The data below is to be copied exactly, line by line.

START Task material

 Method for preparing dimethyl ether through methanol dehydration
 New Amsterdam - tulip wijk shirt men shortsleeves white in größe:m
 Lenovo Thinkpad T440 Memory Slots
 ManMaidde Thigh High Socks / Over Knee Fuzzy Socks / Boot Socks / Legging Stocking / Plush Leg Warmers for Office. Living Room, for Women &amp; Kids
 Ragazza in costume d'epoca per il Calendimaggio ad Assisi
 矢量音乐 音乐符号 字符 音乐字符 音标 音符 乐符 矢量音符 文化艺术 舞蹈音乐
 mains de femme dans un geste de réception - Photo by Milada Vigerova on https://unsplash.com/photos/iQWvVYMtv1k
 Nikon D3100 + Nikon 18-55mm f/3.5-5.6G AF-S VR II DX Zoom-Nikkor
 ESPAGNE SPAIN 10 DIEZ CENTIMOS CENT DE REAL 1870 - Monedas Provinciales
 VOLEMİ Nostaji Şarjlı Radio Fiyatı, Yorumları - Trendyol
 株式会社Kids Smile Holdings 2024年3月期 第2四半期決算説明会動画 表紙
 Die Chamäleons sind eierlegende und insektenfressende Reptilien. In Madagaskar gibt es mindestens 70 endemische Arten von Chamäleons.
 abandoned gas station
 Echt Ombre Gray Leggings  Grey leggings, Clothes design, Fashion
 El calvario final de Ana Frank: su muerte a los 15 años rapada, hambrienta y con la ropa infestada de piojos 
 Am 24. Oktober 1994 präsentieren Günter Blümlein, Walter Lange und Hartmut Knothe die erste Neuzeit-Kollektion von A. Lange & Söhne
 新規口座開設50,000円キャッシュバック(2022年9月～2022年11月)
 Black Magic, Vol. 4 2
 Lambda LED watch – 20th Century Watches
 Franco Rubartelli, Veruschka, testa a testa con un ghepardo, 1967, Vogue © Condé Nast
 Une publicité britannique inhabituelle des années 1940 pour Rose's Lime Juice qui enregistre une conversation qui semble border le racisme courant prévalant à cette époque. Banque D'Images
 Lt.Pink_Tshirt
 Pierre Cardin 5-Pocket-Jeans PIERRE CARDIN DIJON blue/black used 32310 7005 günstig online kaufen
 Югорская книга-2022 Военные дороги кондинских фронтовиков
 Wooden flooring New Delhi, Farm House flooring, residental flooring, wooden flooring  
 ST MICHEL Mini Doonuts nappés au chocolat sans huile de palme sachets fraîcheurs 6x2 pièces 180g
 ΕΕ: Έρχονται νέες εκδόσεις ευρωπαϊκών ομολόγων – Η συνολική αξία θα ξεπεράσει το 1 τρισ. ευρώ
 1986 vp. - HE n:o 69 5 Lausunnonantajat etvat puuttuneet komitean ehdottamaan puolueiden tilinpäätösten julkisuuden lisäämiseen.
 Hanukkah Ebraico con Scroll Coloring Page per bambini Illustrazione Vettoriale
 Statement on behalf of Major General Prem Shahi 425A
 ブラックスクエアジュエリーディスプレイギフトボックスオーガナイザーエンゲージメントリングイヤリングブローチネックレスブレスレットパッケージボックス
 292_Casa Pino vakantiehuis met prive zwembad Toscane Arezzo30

END Task material

Response area:
 Method for preparing dimethyl ether through methanol dehydration
 New Amsterdam - tulip wijk shirt men shortsleeves white in größe:m
 Lenovo Thinkpad T440 Memory Slots
 ManMaidde Thigh High Socks / Over Knee Fuzzy Socks / Boot Socks / Legging Stocking / Plush Leg Warmers for Office. Living Room, for Women &amp; Kids
 Ragazza in costume d'epoca per il Calendimaggio ad Assisi
 矢量音乐 音乐符号 字符 音乐字符 音标 音符 乐符 矢量音符 文化艺术 舞蹈音乐
 mains de femme dans un geste de réception - Photo by Milada Vigerova on https://unsplash.com/photos/iQWvVYMtv1k
 Nikon D3100 + Nikon 18-55mm f/3.5-5.6G AF-S VR II DX Zoom-Nikkor
 ESPAGNE SPAIN 10 DIEZ CENTIMOS CENT DE REAL 1870 - Monedas Provinciales
 VOLEMİ Nostaji Şarjlı Radio Fiyatı, Yorumları - Trendyol
 株式会社Kids Smile Holdings 2024年3月期 第2四半期決算説明会動画 表紙
 Die Chamäleons sind eierlegende und insektenfressende Reptilien. In Madagaskar gibt es mindestens 70 endemische Arten von Chamäleons.
 abandoned gas station
 Echt Ombre Gray Leggings  Grey leggings, Clothes design, Fashion
 El calvario final de Ana Frank: su muerte a los 15 años rapada, hambrienta y con la ropa infestada de piojos 
 Am 24. Oktober 1994 präsentieren Günter Blümlein, Walter Lange und Hartmut Knothe die erste Neuzeit-Kollektion von A. Lange & Söhne
 新規口座開設50,000円キャッシュバック(2022年9月～2022年11月)
 Black Magic, Vol. 4 2
 Lambda LED watch – 20th Century Watches
 Franco Rubartelli, Veruschka, testa a testa con un ghepardo, 1967, Vogue © Condé Nast
 Une publicité britannique inhabituelle des années 1940 pour Rose's Lime Juice qui enregistre une conversation qui semble border le racisme courant prévalant à cette époque. Banque D'Images
 Lt.Pink_Tshirt
 Pierre Cardin 5-Pocket-Jeans PIERRE CARDIN DIJON blue/black used 32310 7005 günstig online kaufen
 Югорская книга-2022 Военные дороги кондинских фронтовиков
 Wooden flooring New Delhi, Farm House flooring, residental flooring, wooden flooring  
 ST MICHEL Mini Doonuts nappés au chocolat sans huile de palme sachets fraîcheurs 6x2 pièces 180g
 ΕΕ: Έρχονται νέες εκδόσεις ευρωπαϊκών ομολόγων – Η συνολική αξία θα ξεπεράσει το 1 τρισ. ευρώ
 1986 vp. - HE n:o 69 5 Lausunnonantajat etvat puuttuneet komitean ehdottamaan puolueiden tilinpäätösten julkisuuden lisäämiseen.
 Hanukkah Ebraico con Scroll Coloring Page per bambini Illustrazione Vettoriale
 Statement on behalf of Major General Prem Shahi 425A
 ブラックスクエアジュエリーディスプレイギフトボックスオーガナイザーエンゲージメントリングイヤリングブローチネックレスブレスレットパッケージボックス
 292_Casa Pino vakantiehuis met prive zwembad Toscane Arezzo30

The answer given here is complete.